About a '73 Tokyo made Bridgestone. Was really rough, but I liked it. Not original- I replaced a bunch of steel parts with aluminum, but the fenders were OE. 





Always liked the look of English 3-speeds. This is kind of a tribute. It's about an '89 World Sport, found at a swap meet. It was a mint condition garage queen with flat original tires. I put the fenders, saddle and bars on it.


----------



## juvela (Dec 23, 2019)

-----

Thanks very much for sharing these two fine projects!    

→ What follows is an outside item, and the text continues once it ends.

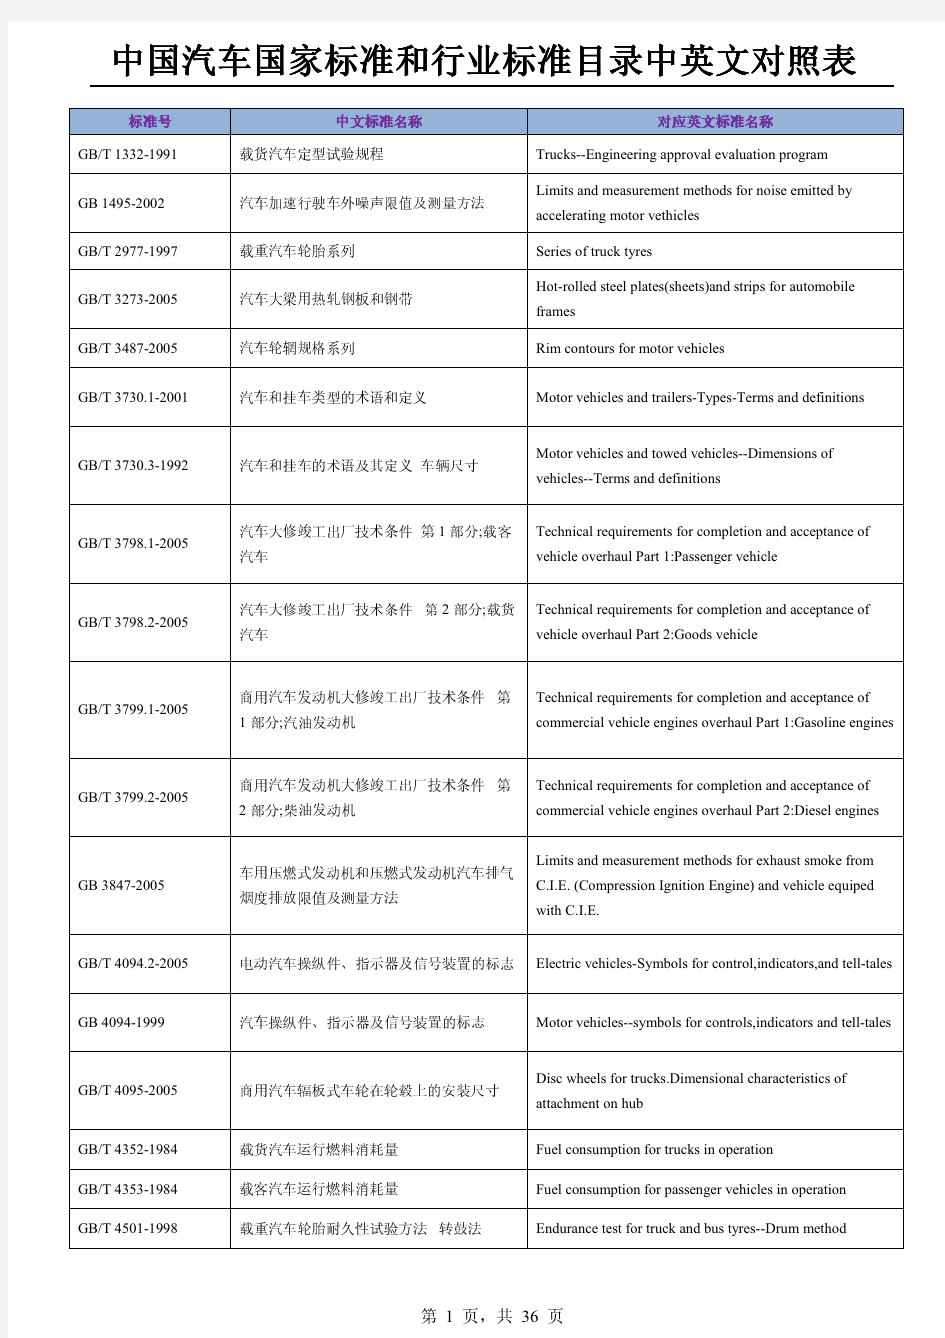 中国汽车国家标准和行业标准目录大全-中英文对照表(2013)
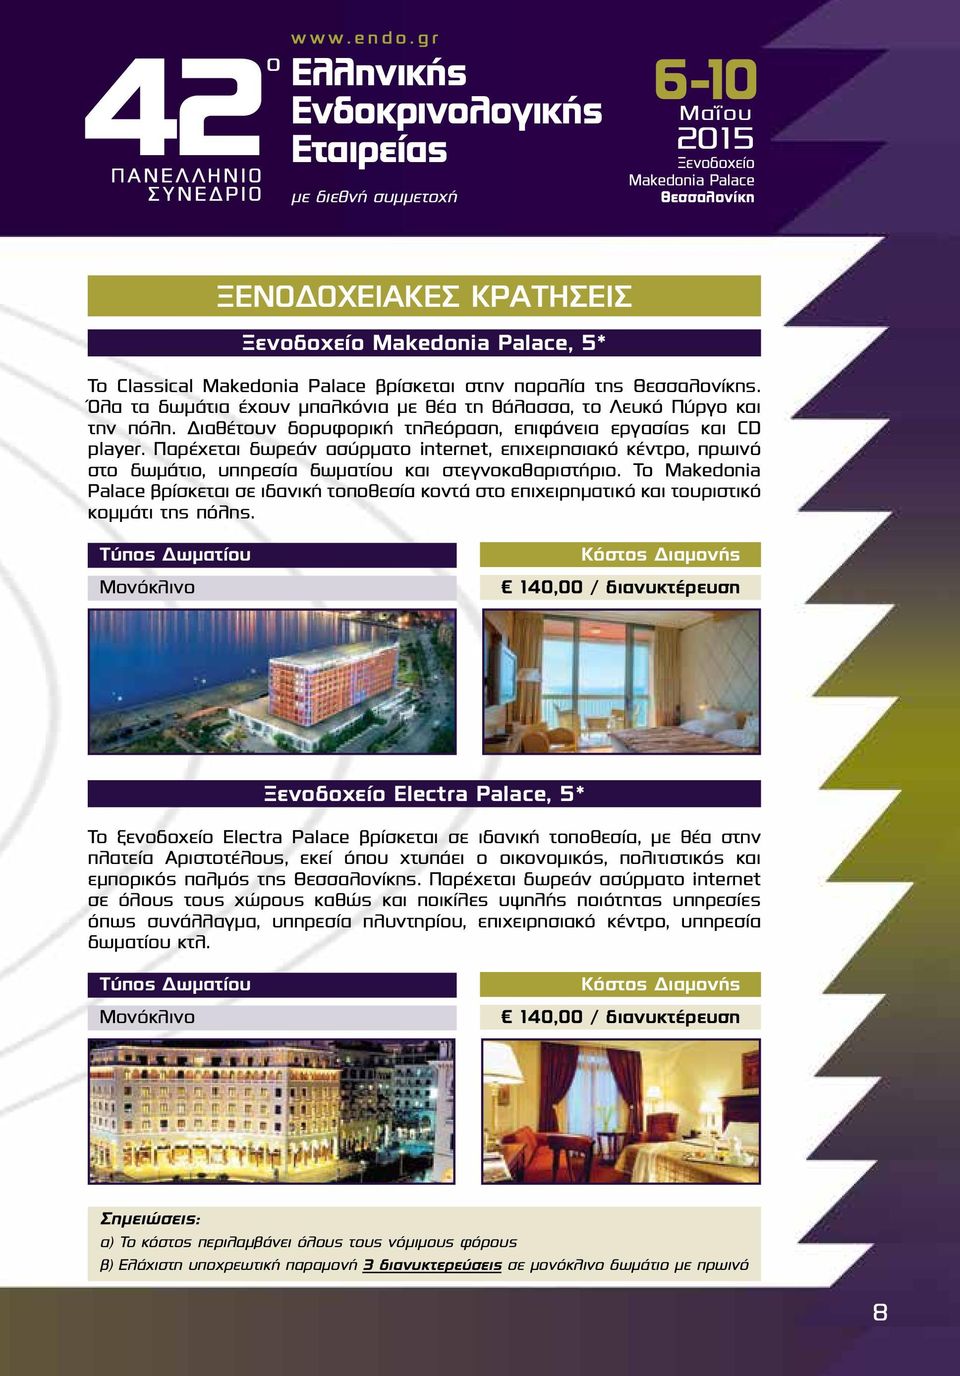 Το Makedonia Palace βρίσκεται σε ιδανική τοποθεσία κοντά στο επιχειρηματικό και τουριστικό κομμάτι της πόλης.

Do you have any "as found" images of the Bridgestone you can post?

Happy Holidays  
-----


----------



## bulldog1935 (Dec 23, 2019)

here's my buddy's World Sport custom, using a 2-speed SRAM rear hub


----------



## Jimendel (Dec 23, 2019)

juvela said:


> -----
> 
> Thanks very much for sharing these two fine projects!
> 
> ...




Here's the Bridgestone as found:


----------



## Eric Amlie (Dec 24, 2019)

Quite the granny gear on the as found Bridgestone, or is the chain off the sprocket?


----------



## Jimendel (Dec 24, 2019)

Eric Amlie said:


> Quite the granny gear on the as found Bridgestone, or is the chain off the sprocket?



I think the original five speed freewheel was about 14-28. I replaced it with a 7 speed.


----------



## bulldog1935 (Dec 24, 2019)

'77 Raleigh GP with 52/42T rings came with a 14-34t 5-sp freewheel.

I never worked out a gear-inch chart, but it didn't take me long to replace it with a 14-26t.

but I think he was asking about your tiny chainring - with front and rear, that's well under 20 gear-inches.

Here's 23 gear-inches, with 26T granny ring and 30t big rear cog


----------



## Goldenrod (Dec 25, 2019)

Great cheap rides.  I never got into the mountain bikes.


----------



## non-fixie (Jan 4, 2020)

Jimendel said:


> Here's the Bridgestone as found:
> 
> View attachment 1114030




Really cool touring bike. Looks to be well thought out and very comfortable for long rides. Love the way the front rack follows the shape of the front light.


----------



## bulldog1935 (Jan 5, 2020)

Through the 50s to today, the Japanese are really influenced by the French.
I agree with them to the point my '57 and '74 Raleigh club racers are also built very French.
Here's a current Cycles Grand Bois Type ER (Randonneur) example


----------